# My Latest Watch...



## salmonia (Apr 25, 2006)

...is a Sea Fighter from MKII. This example has the full triangle acrylic bezelinsert, only a few made.

I put it on a 22mm Omega mesh...couldnÂ´t be better.... :tongue2: :tongue2: :tongue2:


----------



## adrian (May 23, 2004)

Very nice and clean design. :wub:


----------



## mjolnir (Jan 3, 2006)

That looks great. The mesh suits it down to the ground.


----------



## Guest (Jun 8, 2008)

Nice -wicked watch and bracelet


----------



## VinceR (Oct 21, 2005)

If it were not for those awful hands that would be a great watch. Love everything about it, except _*those*_ hands!


----------



## PhilM (Nov 5, 2004)

Congratulations, looks great on the Omega mesh :yes: I'm sure it would look good on a thick black rubber also :thumbsup:


----------



## Stanford (Feb 10, 2007)

A lovely looking watch - but then I do like the look of Blancpains, also :wink2:


----------



## mjolnir (Jan 3, 2006)

VinceR said:


> If it were not for those awful hands that would be a great watch. Love everything about it, except _*those*_ hands!

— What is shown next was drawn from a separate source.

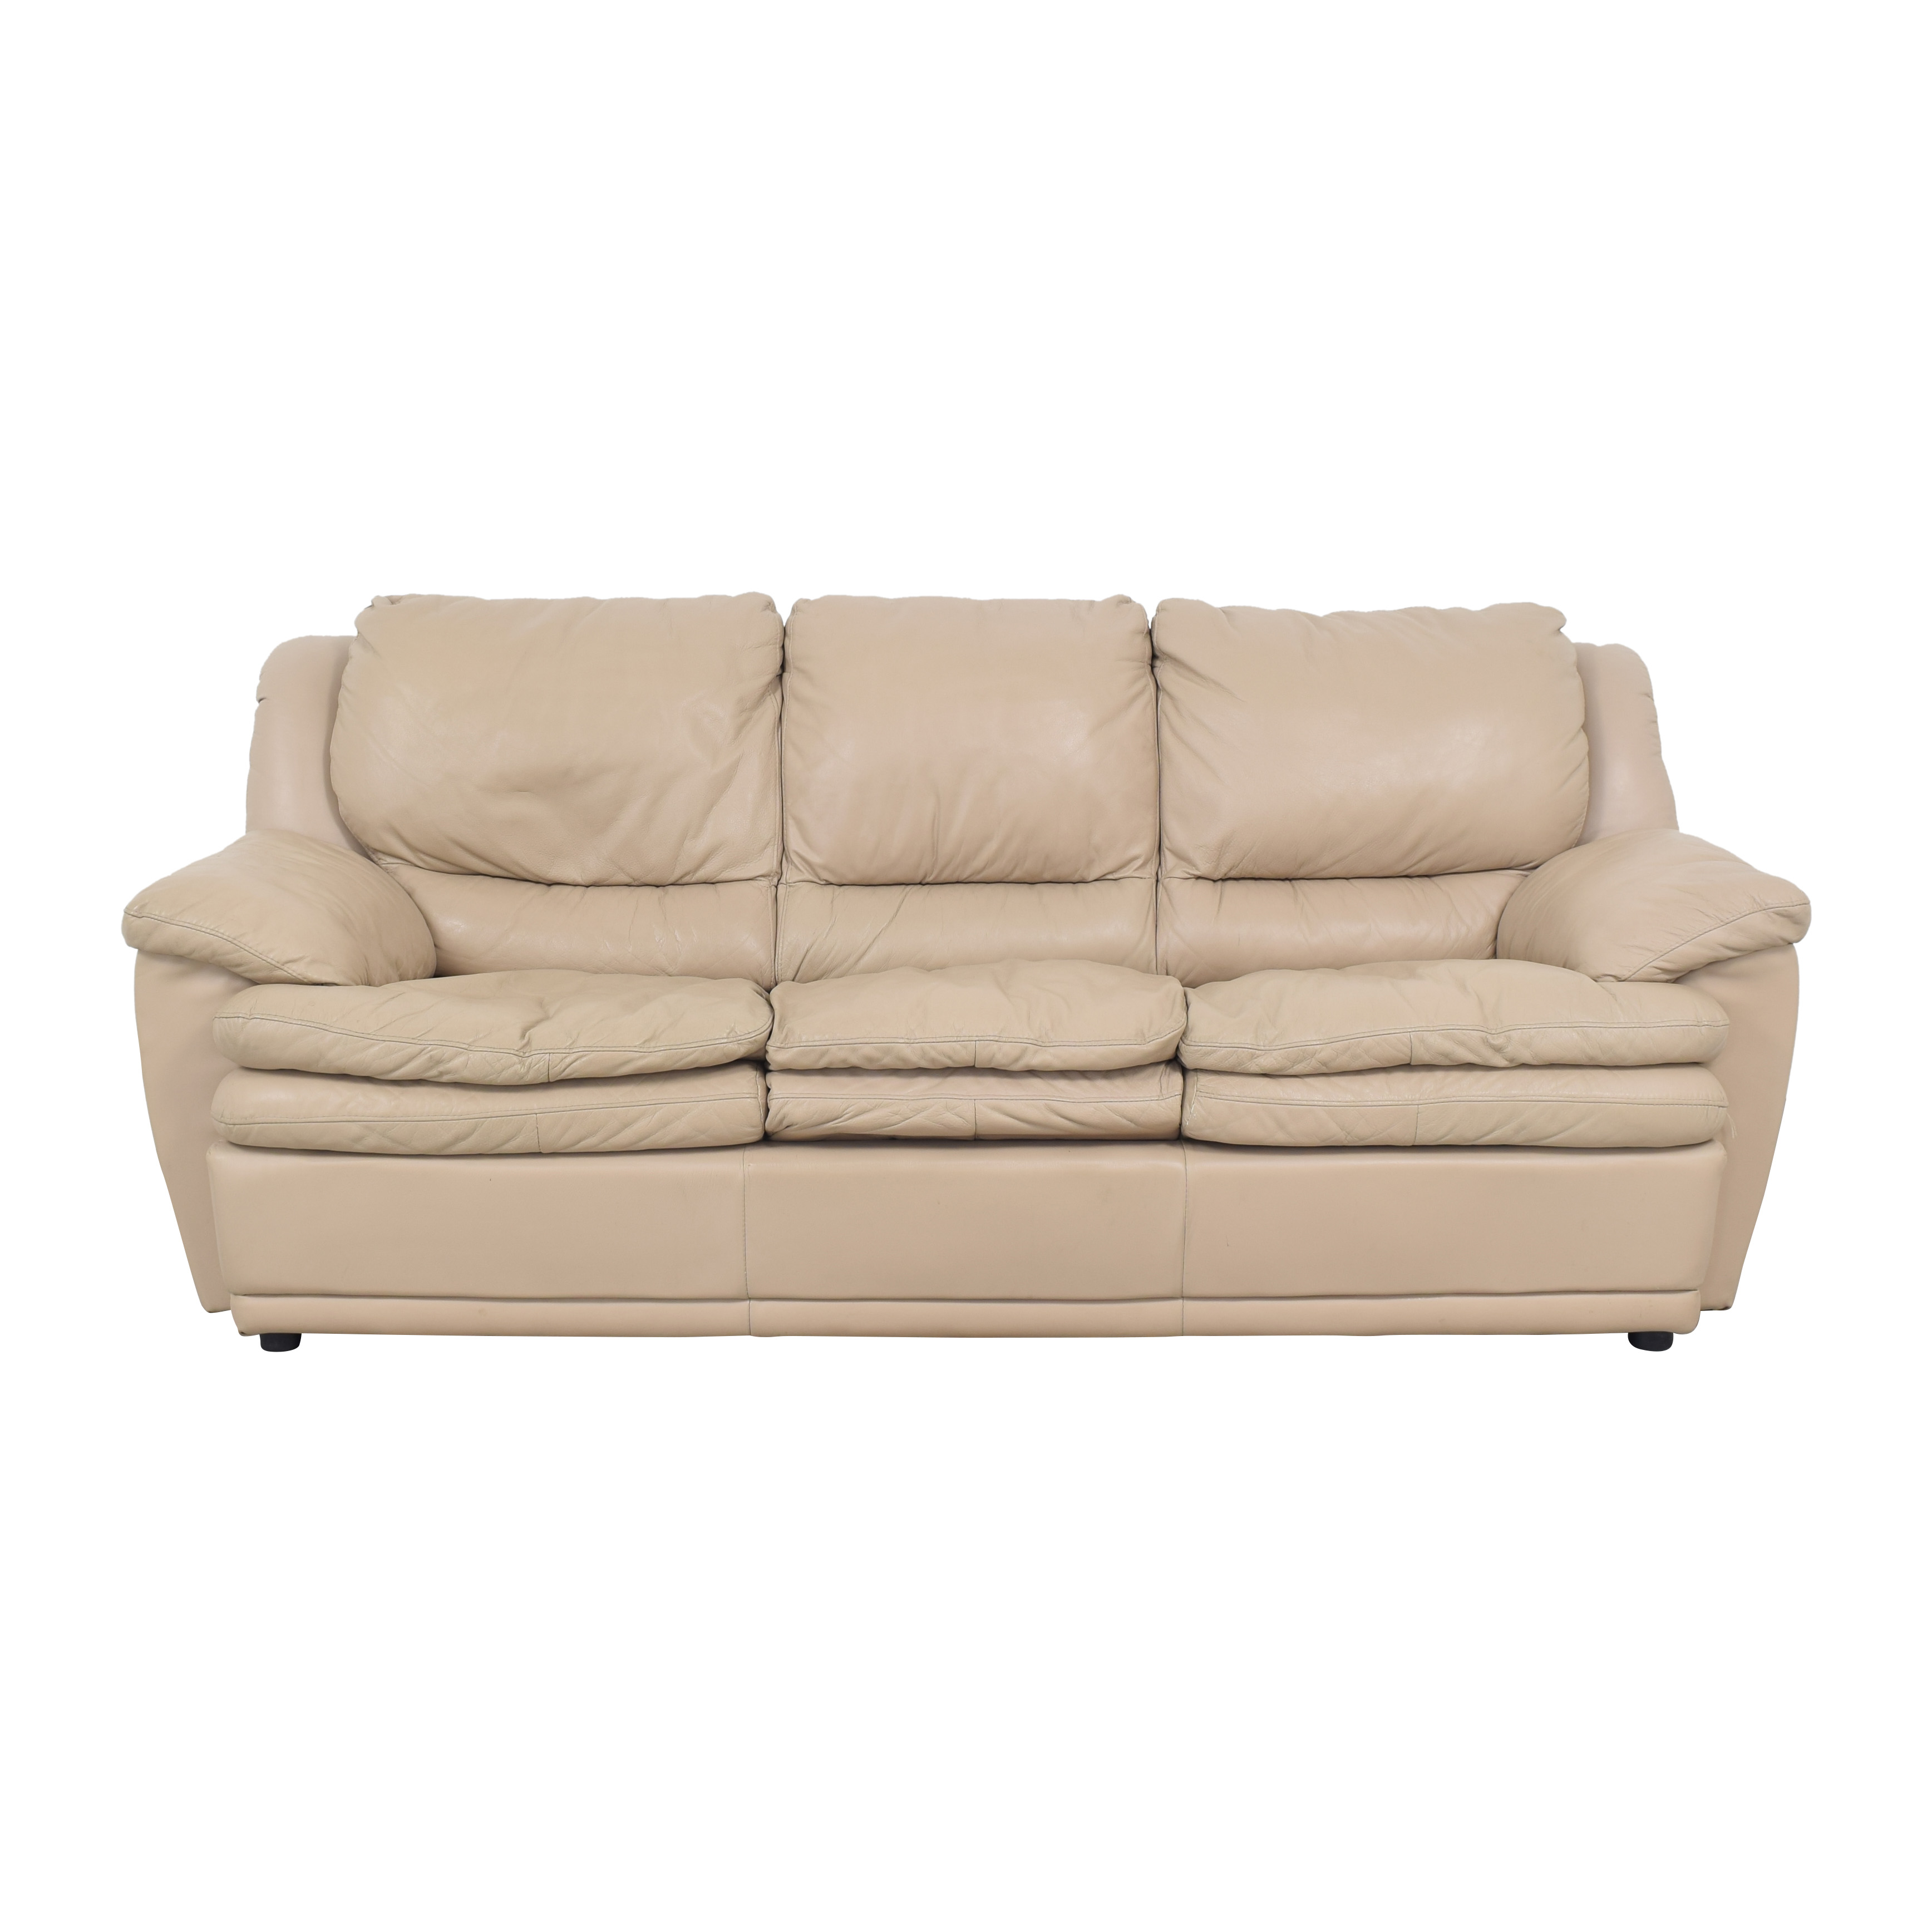 DeCoro Leather Sleeper Sofa sale

You don't like them? I think they are great. All divers should have a bit of orange on them somewhere.

I like it on the original too.

Big, simple and easy to read even underwater.










Picture nicked randomly from Internet


----------



## jungun (Aug 3, 2007)

Congrats.

I love the clean lines. I am not a fan of that type of bracelet (I would have a Nato on it) but you are enjoying it and that's what matters.


----------